What is required: Some of the lines below need repeating. Reproduce exactly those between the lines holding "Namibia - 1552" and "Dunedin Map New Zealand.Dunedin Area Map", inclusive.

Entries provided:
----------
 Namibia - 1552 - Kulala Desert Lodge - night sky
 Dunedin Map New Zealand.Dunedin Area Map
----------
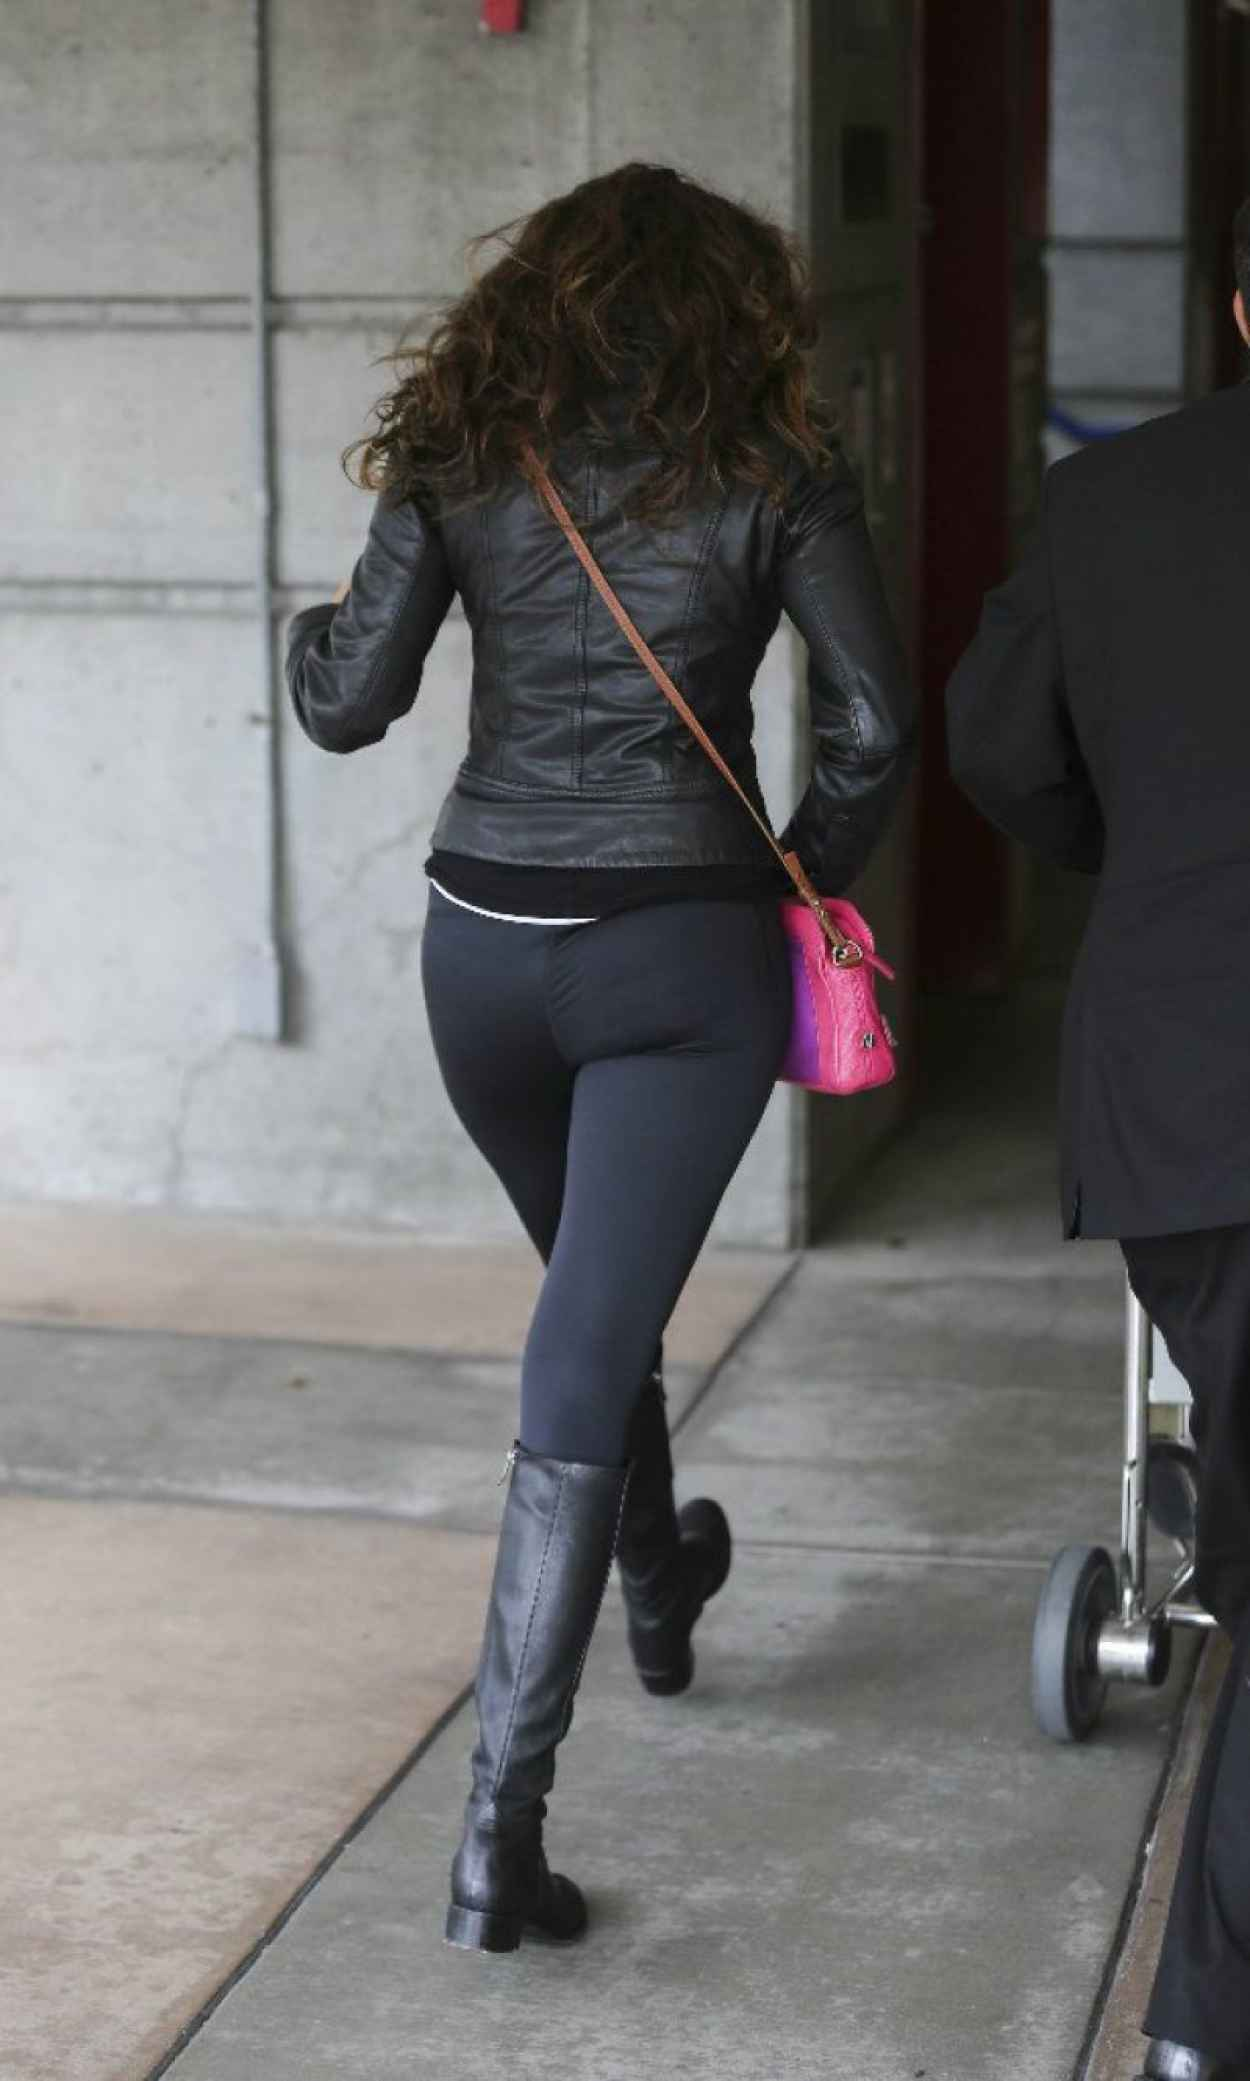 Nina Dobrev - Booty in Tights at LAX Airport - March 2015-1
----------
Your response:
 Namibia - 1552 - Kulala Desert Lodge - night sky
 Dunedin Map New Zealand.Dunedin Area Map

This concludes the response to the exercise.